### WHAT YOU HAVE TO DO
Set down the data below word for word, and leave the images aside.
*** COLLECTED DATA Section Begins ***
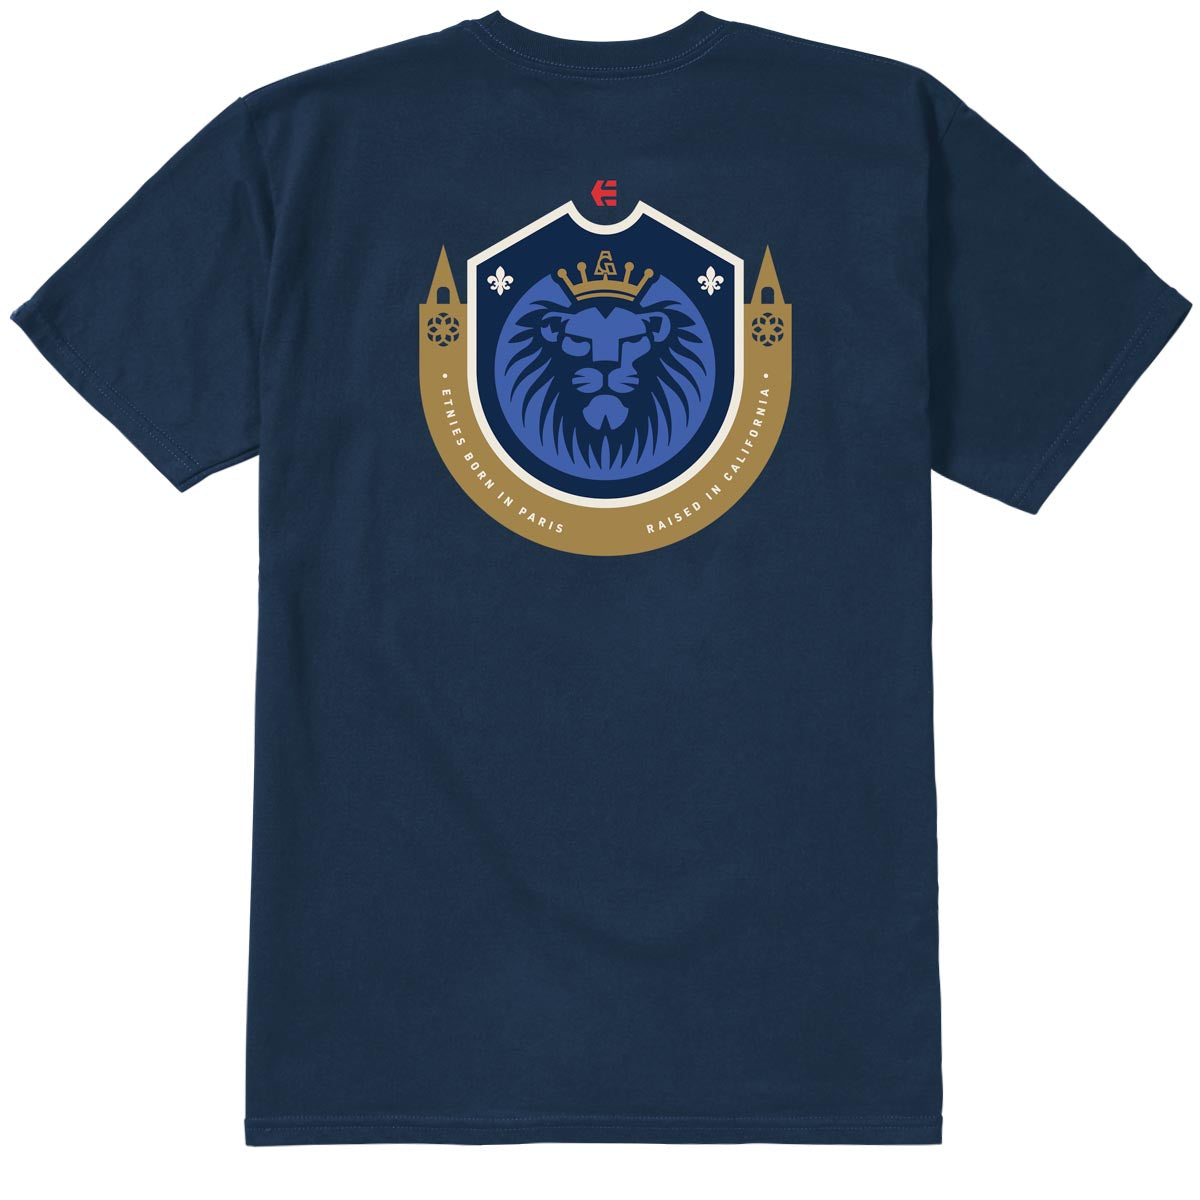 Etnies AG T-Shirt - Navy image 1
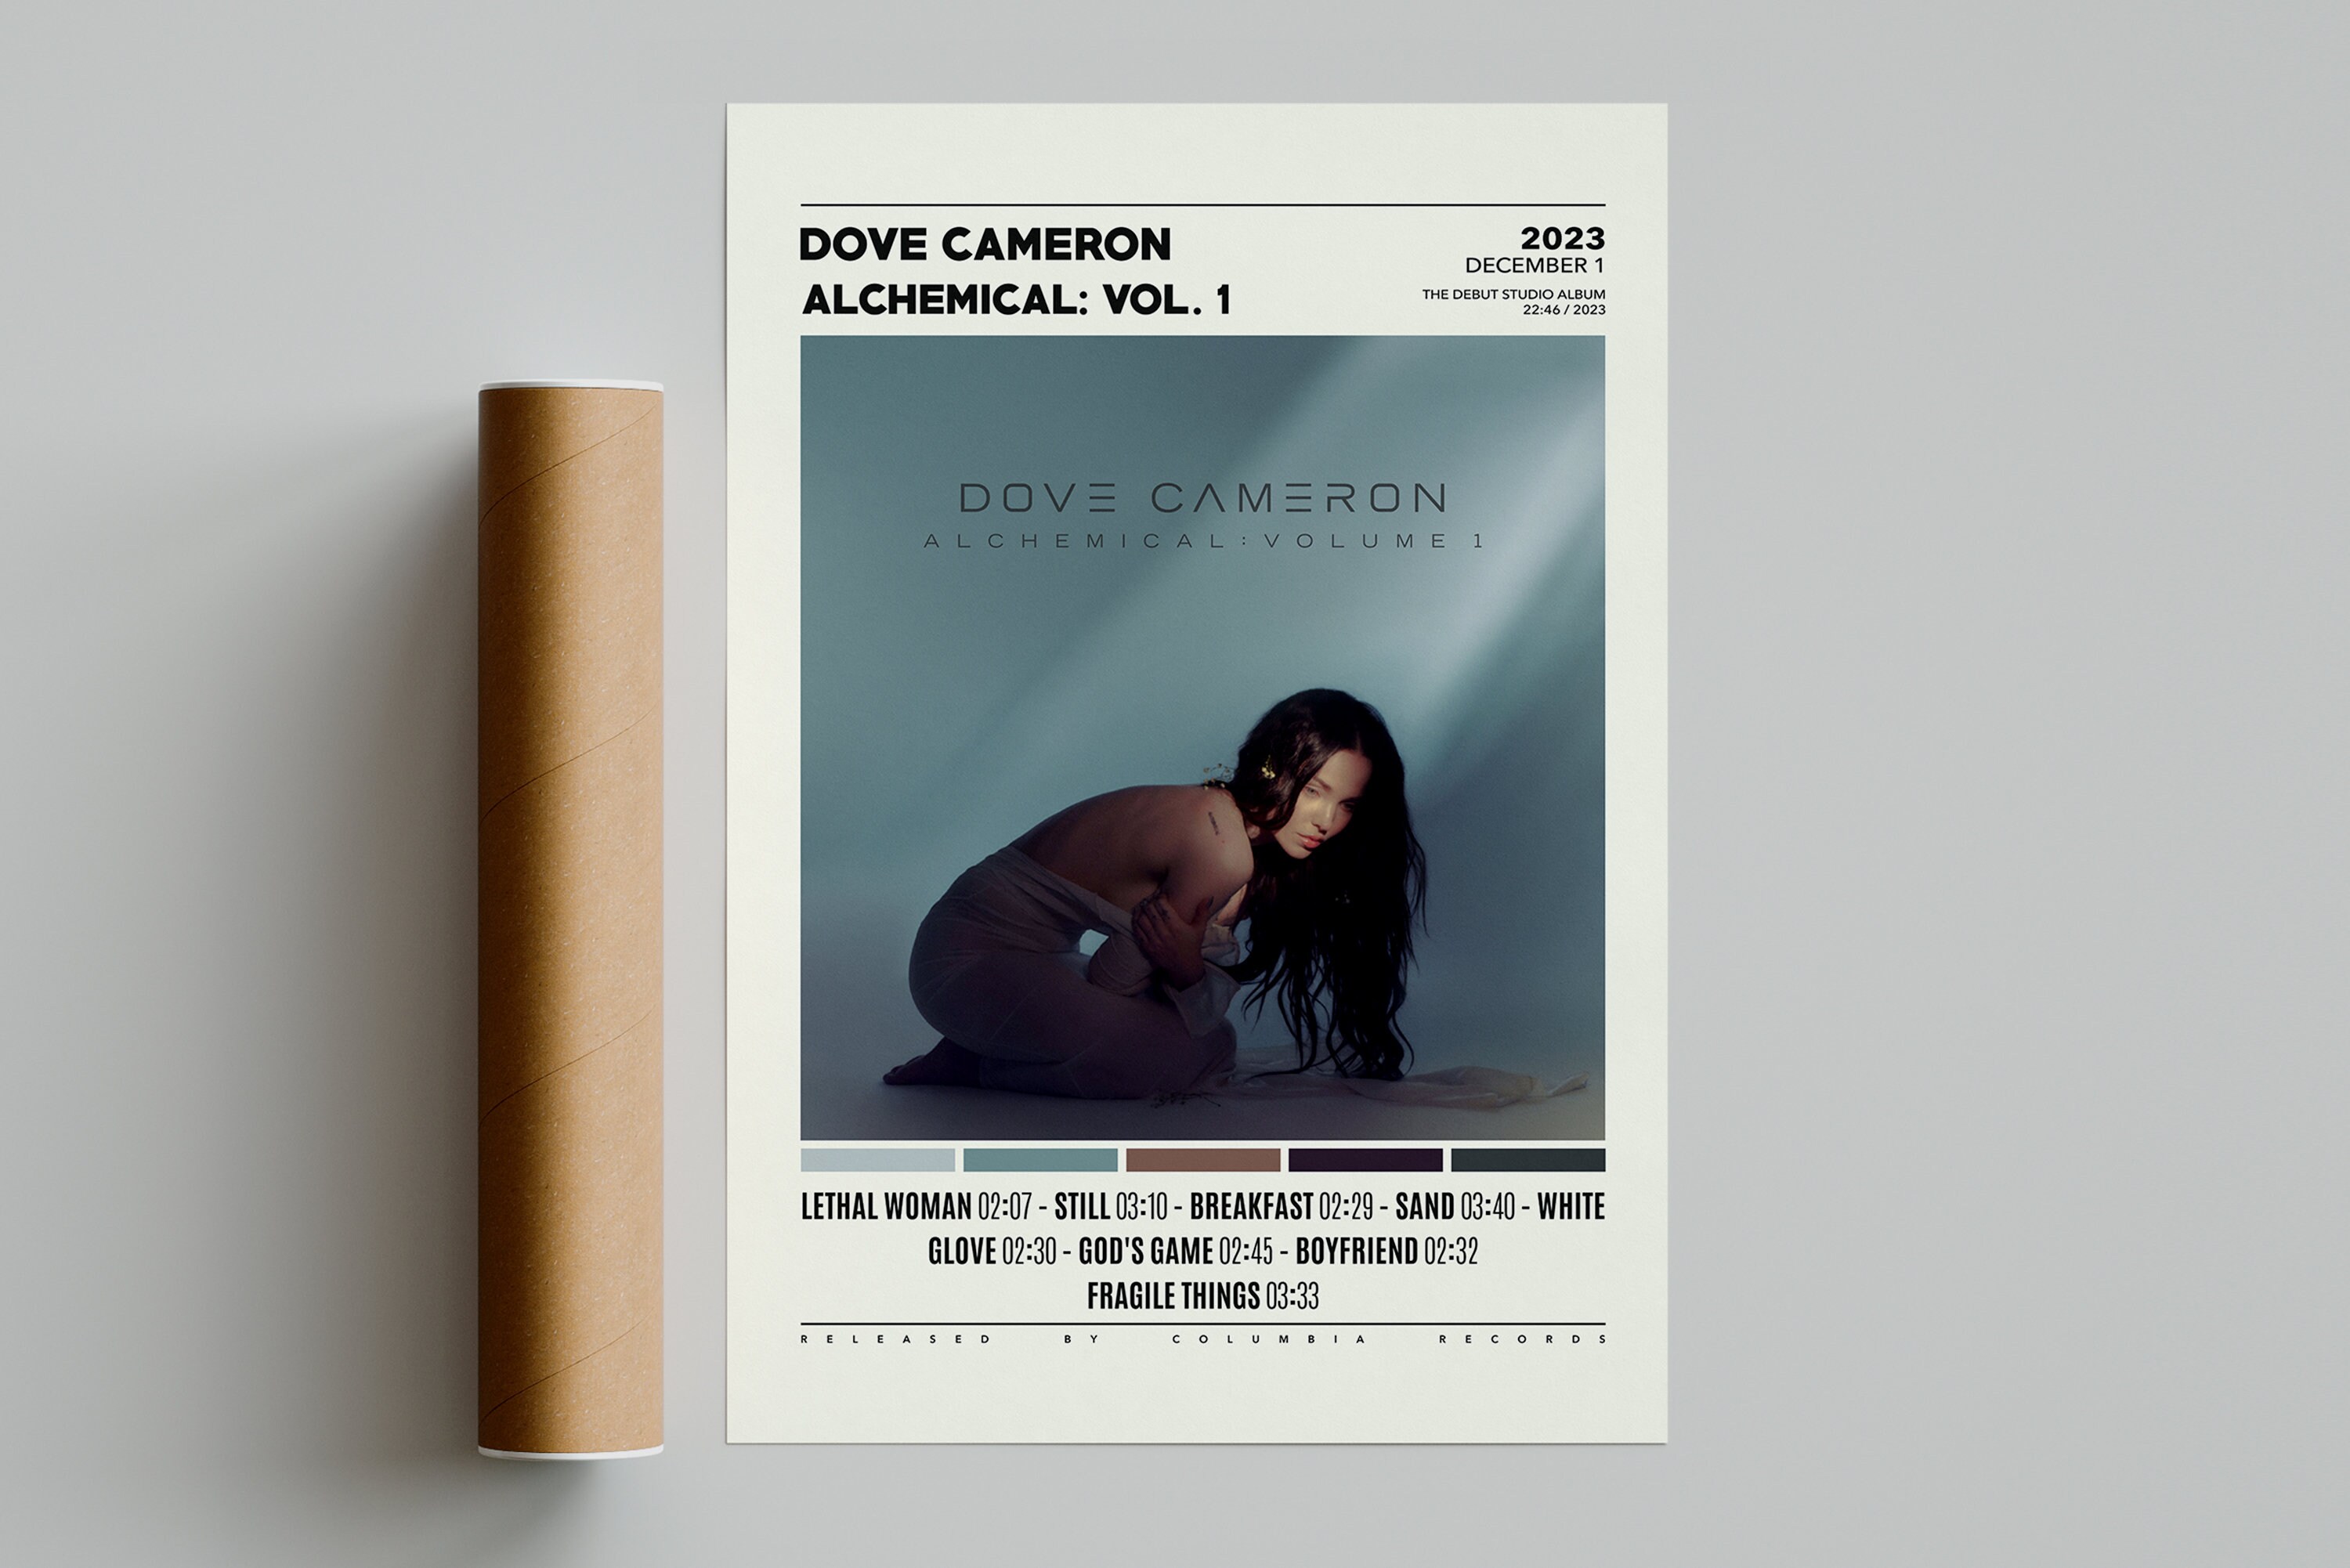 Dove Cameron – God's Game Lyrics
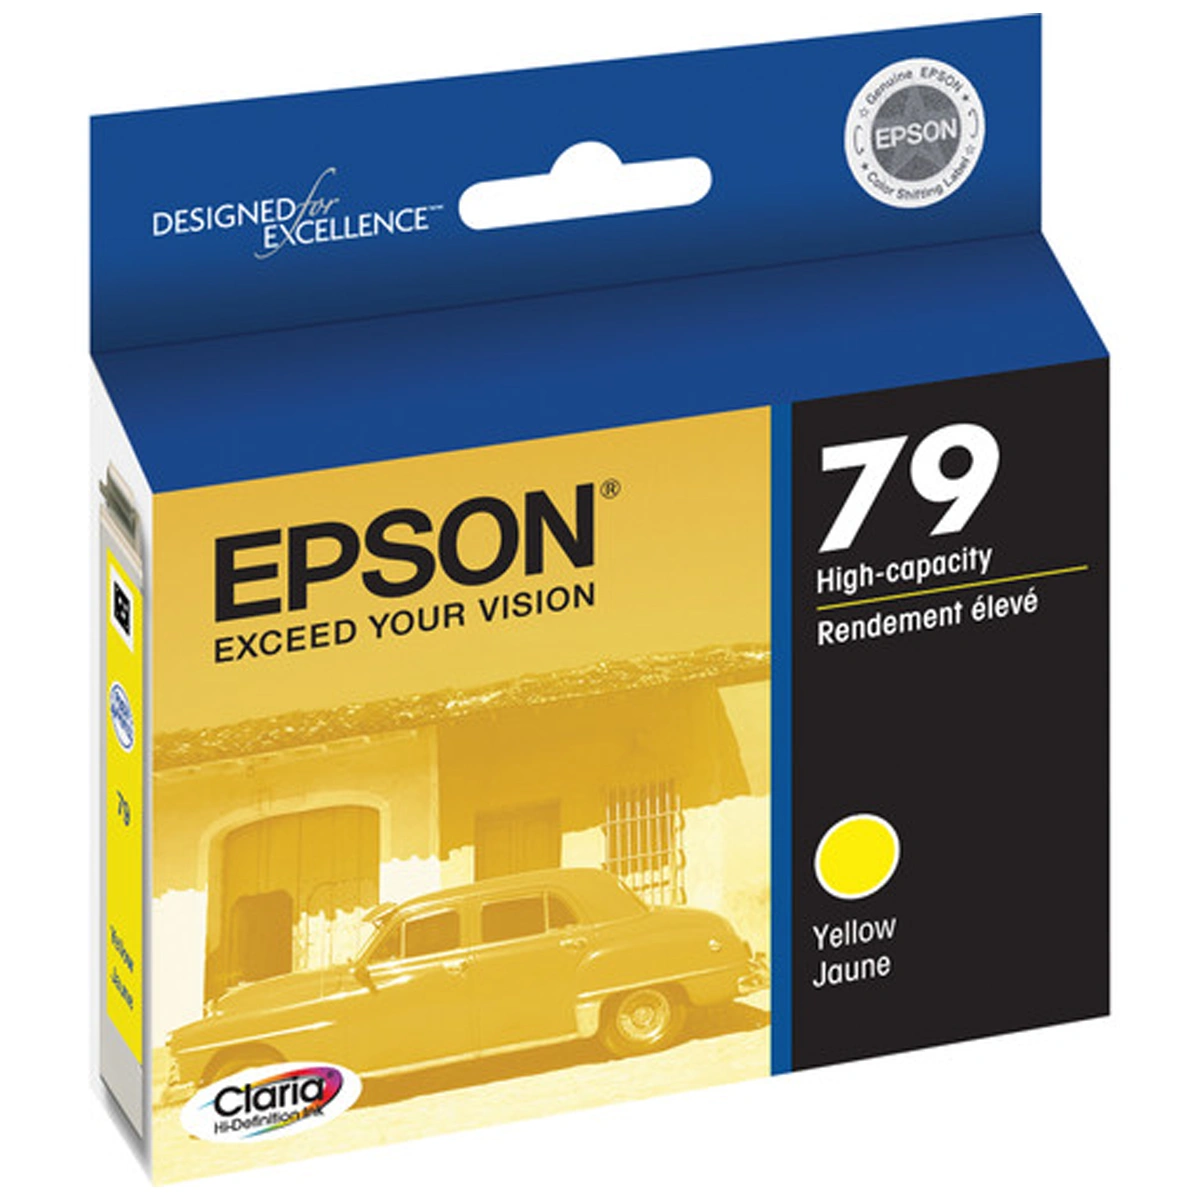 Epson 79 Yellow Ink Cartridge Box At Angle
*** COLLECTED DATA Section Ends ***
### ANSWER SECTION
 Etnies AG T-Shirt - Navy image 1
 Dove Cameron – God's Game Lyrics
 Epson 79 Yellow Ink Cartridge Box At Angle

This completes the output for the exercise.